…who cares about George Clooney when you see Michelle Pfeiffer as an architect in “One fine day”?
Everybody knows: architects are so-o-o sexy. Ever thought why?
Are we sexy because of the funky glasses or black blazers that we supposedly wear?… That would be too shallow. Besides, I’ve already told you about architects wearing glasses, bow ties & other nonsense… | see here
Are we sexy because we are smooth talkers and can sell illusions using sketchbook and sophisticated rhetoric? Maybe. However in that case Lawyers that can easily pass a rapist for a good citizen would be sexier. While they are boring as hell with all the money they make.
Are we sexy because we keep equilibrium of the artistic soul and rational behavior? Possibly. Although there are plenty of people effectively balancing their wild imagination with the realistic approach. Computer guys (those bastards sometimes call themselves IT architects) or scientists. Yet no one thinks they are sexy. Everybody thinks they are geeky… (Call yourself architect as long as you want, you are still geeks!)
Are we sexy because we reflect self-esteem and possess a universal knowledge? Pretty close. Yet again there are other professionals with strong will power and great wisdom. Teachers. Clearly – the profession. But with all due respect go ask your girlfriend if she prefers dating a teacher?
Demi Moore has dropped a millionaire Robert Redford for an architect Woody Harrelson in “Indecent proposal”
So why are we sexy?
See, sexy means you translate your spiritual strength into something physically appealing. Sexy means that starting from the pure spirituality you take your partner to the very peak of that physical joy, to the peak where the mental delight and the sensual feeling become one overpowering sensation. Non-architects call such peak an orgasm.
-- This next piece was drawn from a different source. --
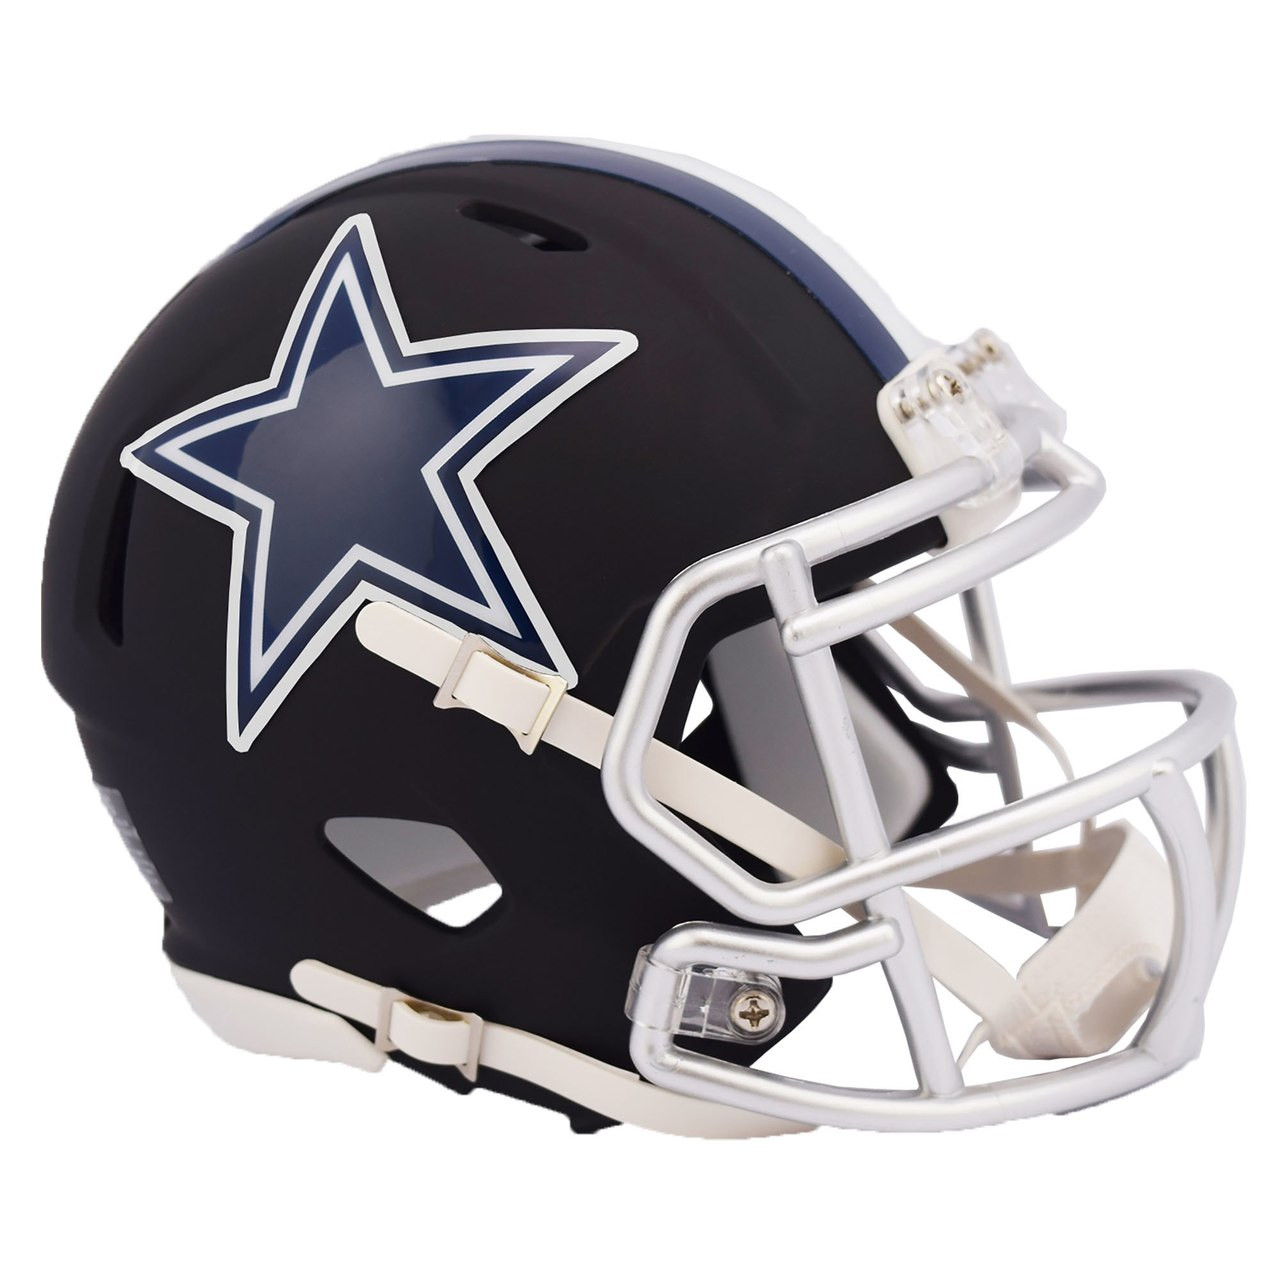 8da7d7d75 Riddell Dallas Cowboys Black Matte Alternate Speed Mini Football Helmet.  Riddell. Image 1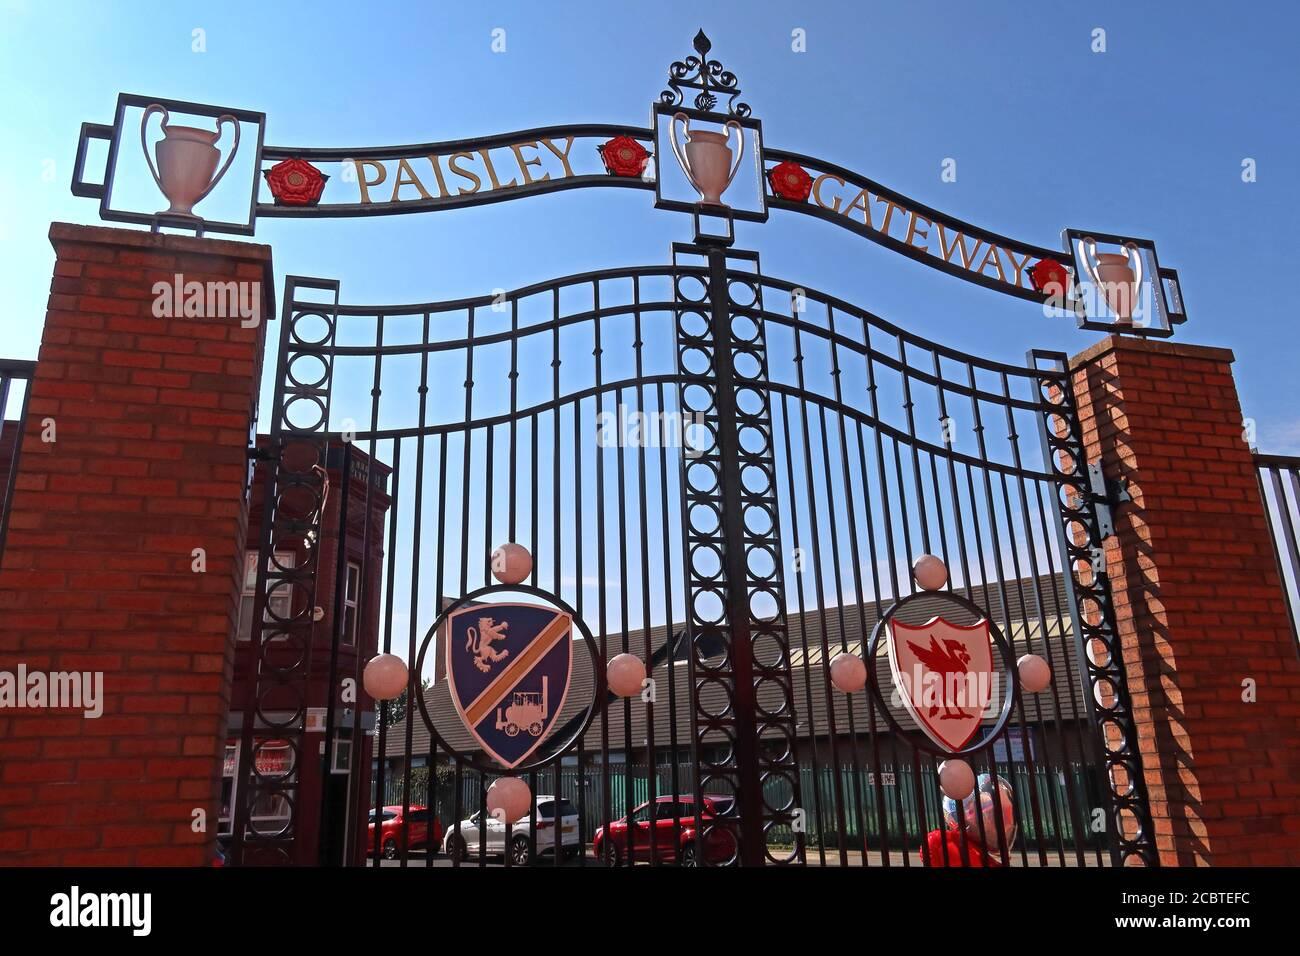 GoTonySmith,HotpixUK,@HotpixUK,England,UK,Britain,Great Britain,Liverpool,city centre,Merseyside,L4,Ground,Stadia,Stadium,Youll Never walk alone,Never Walk alone,reds,the reds,football,Premier League,gate,gates,Gateway,OBE

And orgasm is something you can’t live without, once you’ve experienced it.
What architect does is a constant climb to that peak. Ideas, sketches, even drawings those are spiritual encouragement. The foreplay if you wish… And then the construction process comes, rough process full of energy, struggle, fight, and sweat. We erect buildings… Call it sex.
Wesley Snipes is working hard on the drafting table in “Jungle fever”
That’s it? Oh, no…
Spiritual search and those energetic activities on the site (or should I say in bed?) suppose to lead us to the orgasm… oops! sorry… to the result: a beautiful building full of light and coziness. It’s amazingly useful and yet intangibly pleasing. It has a size, but as we know size doesn’t really matter as long as the touch of the master is there… It’s alive and yet indescribable as that grandiose feeling you get once the sex is great and the spirit is there. Do you know what this is?
It’s called love. Architect makes love to the world. Act of creation is an act of love. We don’t wear fashionable glasses, we don’t sell illusions, we don’t balance, and we don’t display our knowledge. We create. And this is why we are so damn sexy.
P.S. Writers are the only people who can compete with the architects. Ever met an architect who’s playing with the writing?
P.P.S. In 2010 a popular survey conducted by dating gurus ‘Drawing Down the Moon’ has shown that architects top the poll for the sexiest professionals beating doctors, teachers and fire-fighters to the punch.
I’m sure we would score the same result in 1949. Look at Gary Cooper with Patricia Neal… Any doubts?